The liquid crystal display element is a transmissive display element and displays a desired image on the screen by adjusting the amount of light transmitted through the liquid crystal layer by refractive index anisotropy of liquid crystal molecules. Therefore, in a liquid crystal display element, a back light, which is a light source that transmits the liquid crystal layer for displaying an image, is provided. Generally, the backlight can be roughly divided into two types.

The first is a side-view backlight that is installed on the side of the liquid crystal panel to provide light to the liquid crystal layer, and the second is a direct-type backlight that provides light directly below the liquid crystal panel.

The side-type backlight is provided on the side surface of the liquid crystal panel and can supply light to the liquid crystal layer through the reflection plate and the light guide plate. Therefore, since the thickness can be made thinner, it is mainly used for a notebook or the like requiring a thin display device. However, the side-type backlight is difficult to apply to a large-area liquid crystal panel because the lamp that emits light is located on the side surface of the liquid crystal panel, and light is supplied through the light guide plate. Therefore, there has been a problem in that it is not suitable for large-area liquid crystal panel for LCD TV, which has recently been spotlighted.

The direct-type backlight is mainly used to fabricate a liquid crystal panel for LCD TV since light emitted from a lamp is directly supplied to the liquid crystal layer and thus can be applied to a large-area liquid crystal panel as well as high brightness.

On the other hand, in recent years, as a lamp of the backlight, instead of a fluorescent lamp, a light source that emits light itself, such as a light emitting device (Light Emitting Device). Since the light emitting device emits R, G, and B monochromatic light, the color reproduction ratio is good when applied to a backlight and the driving power can be reduced.

1 is a cross-sectional view schematically showing the structure of a conventional liquid crystal display device having a backlight including the light emitting device as described above.

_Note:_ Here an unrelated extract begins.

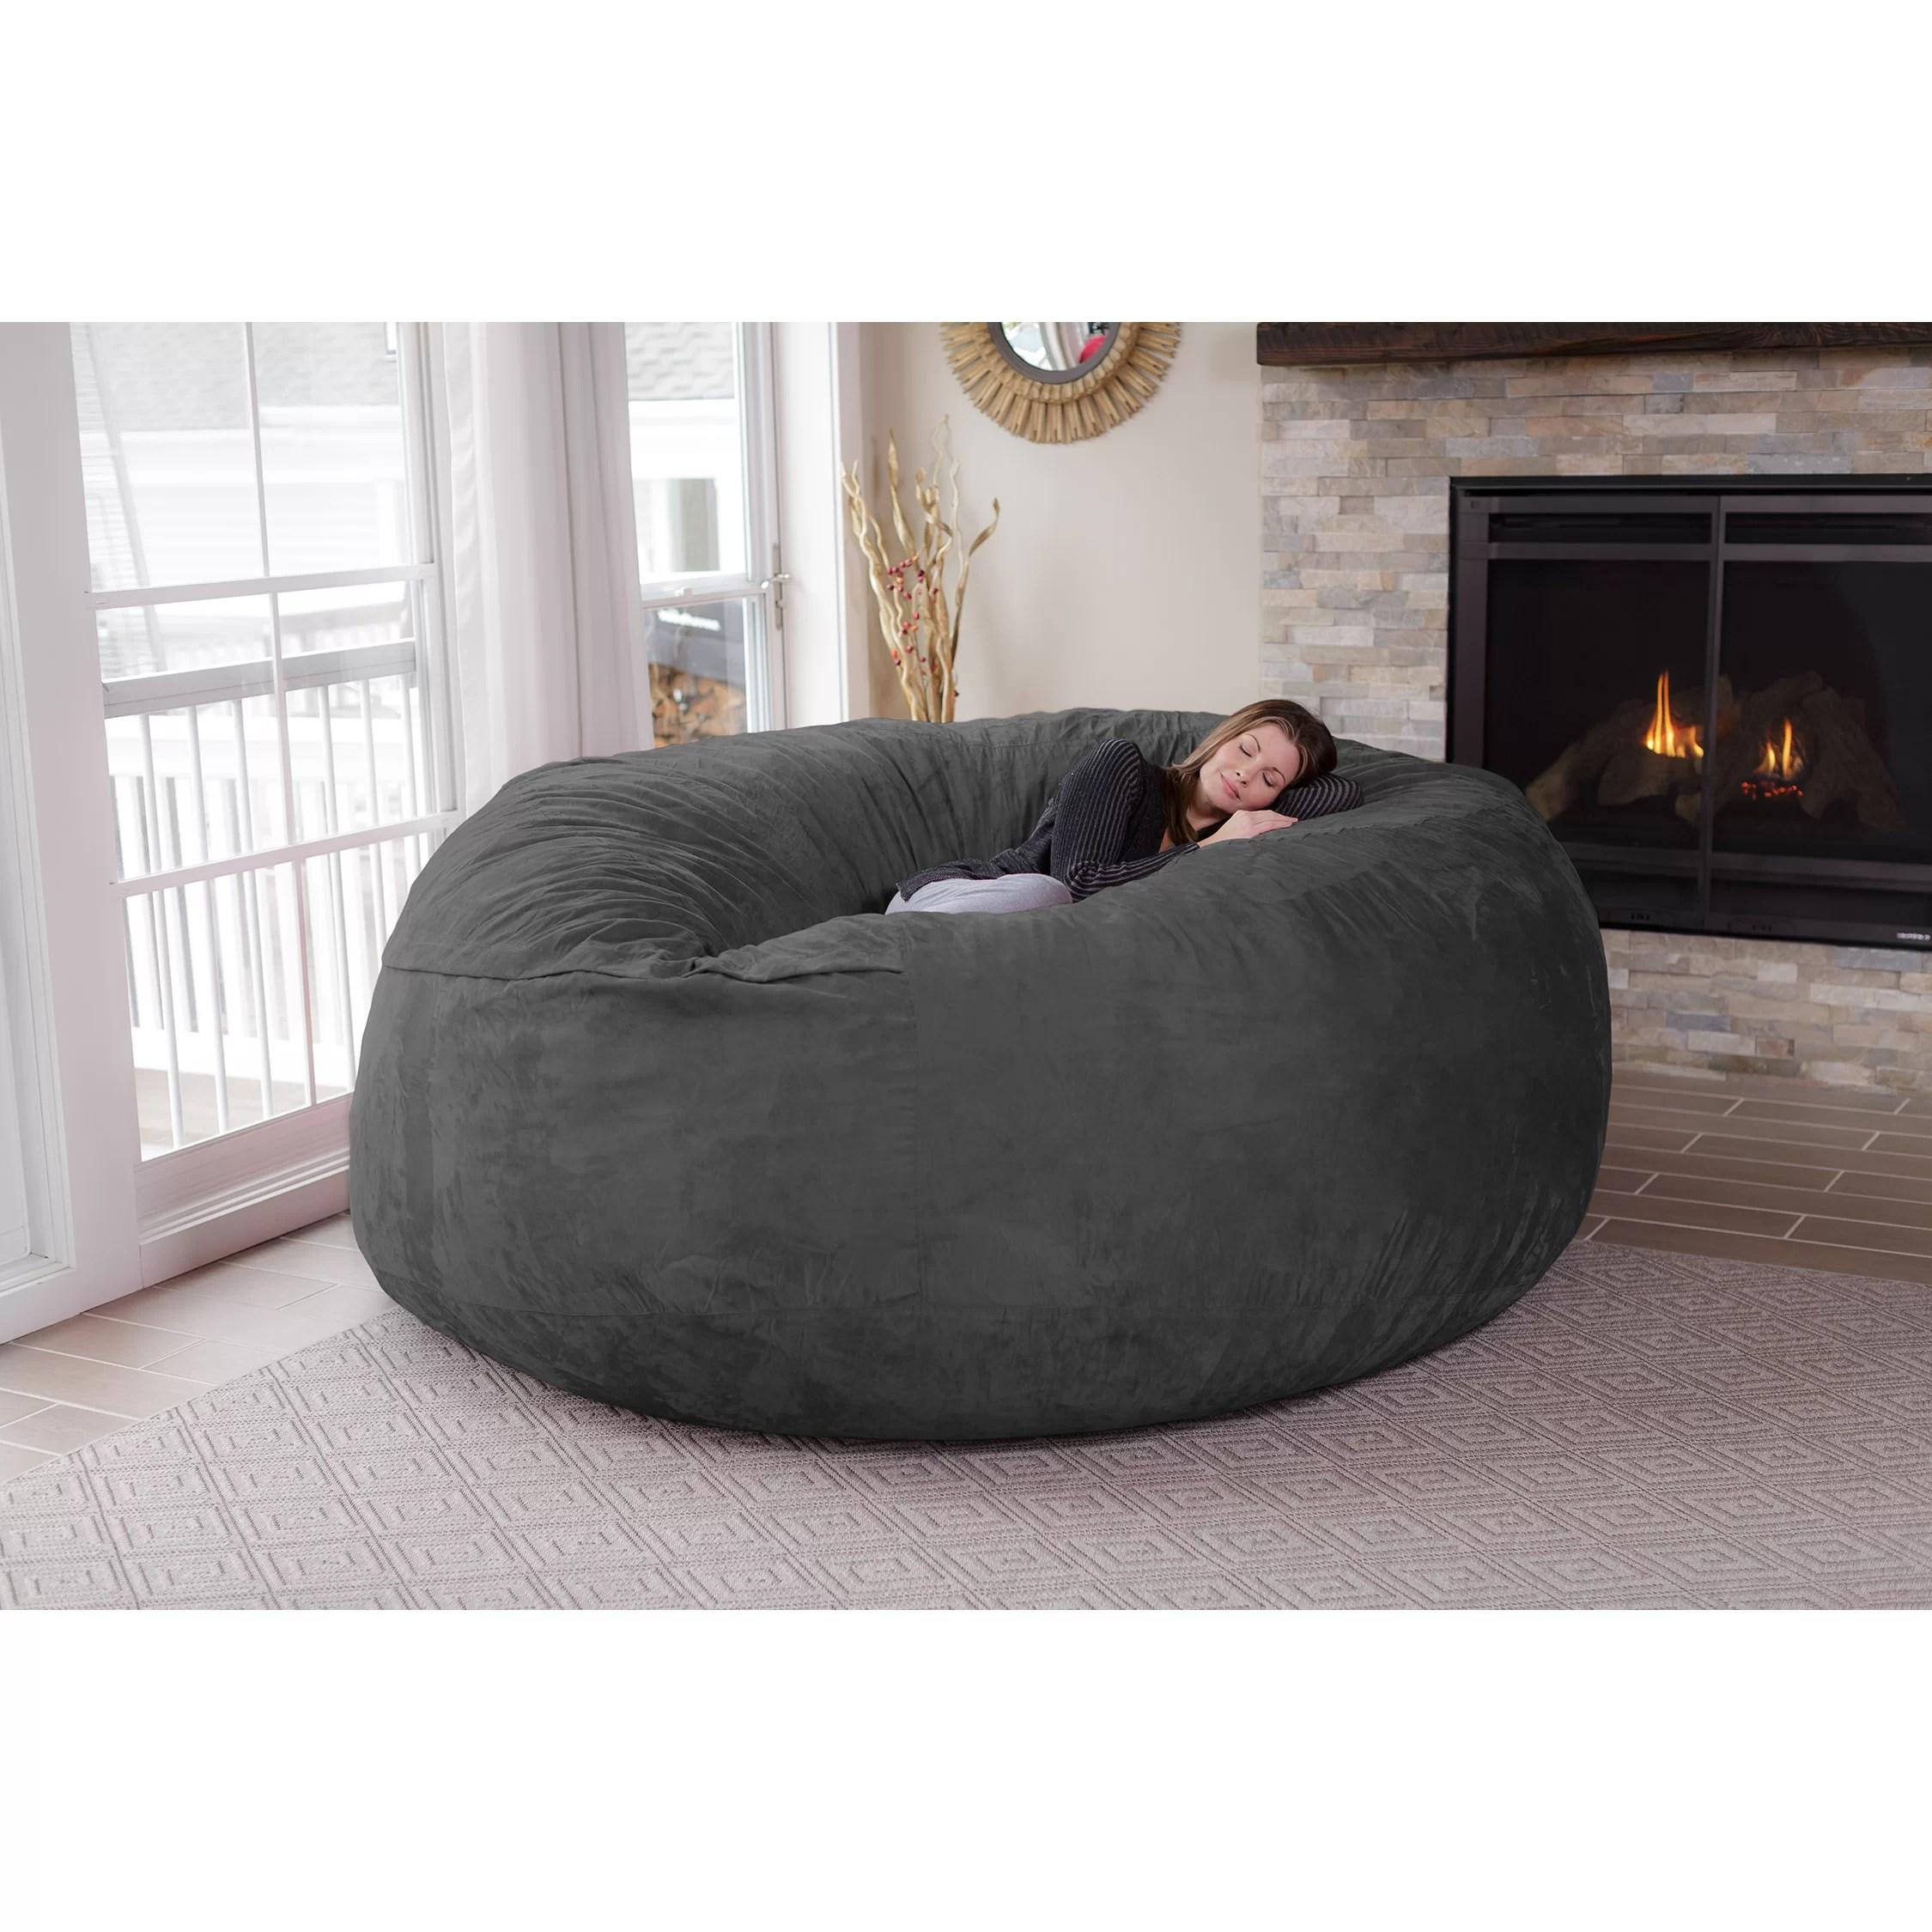 sofa sack reviews living room ideas with tan sofas theater sacks bean bag and wayfair

As shown in FIG. 1, the liquid crystal display device includes a first substrate 1 and a second substrate 3 and a liquid crystal layer (not shown) therebetween to implement an image as a signal is applied from the outside. The first polarizing plate 12 and the second polarizing plate disposed on the liquid crystal panel 10 and the rear and front surfaces of the liquid crystal panel 10 to polarize light incident on the liquid crystal panel 10 and exiting from the liquid crystal panel 10. 14, an LED unit 52 provided with a light emitting device (LED) disposed on the lower side of the liquid crystal panel 10 and emitting light, and an LED unit disposed below the liquid crystal panel 10. The light guide plate 20 for guiding the light emitted from the light source 52 to the liquid crystal panel 10, and is provided between the liquid crystal panel 10 and the light guide plate 20 to be guided by the light guide plate 20 to provide a liquid crystal panel ( 10, an optical sheet 34 including a diffusion sheet and a prism sheet for diffusing and condensing the light supplied to the light, and the light guide plate 20 A main support part 25 disposed below and supporting both sides of the liquid crystal panel 10, and a reflector disposed on the lower part of the light guide plate 20 to reflect incident light and supply the incident light to the liquid crystal panel 10. And a lower cover 40 to which the liquid crystal panel 10, the light guide plate 20, the optical sheet 34, the reflecting plate 28, and the main support part 25 are assembled.

The light blocking tape 50 is attached between the jaw of the main support part 25 on which the liquid crystal panel 10 is placed and the optical sheet 30 to emit light from the LED part 52 and not enter the light guide plate 20. Leakage between the support 25 and the optical sheet 34 is prevented.

However, the liquid crystal display device having the above configuration has the following problems.

As shown in FIG. 2, the liquid crystal panel 10 is coupled to the backlight and seated on the main support part 26 disposed at both sides. However, when the liquid crystal panel 10 is fastened with the backlight, the main support portions 25 on both sides do not have the same height due to a process error or the height of the main support portions 25 is changed by external impact. Stress is applied to the corresponding area of the liquid crystal panel 10 supported by the support part 25, which causes the edge of the liquid crystal panel 10 to bend.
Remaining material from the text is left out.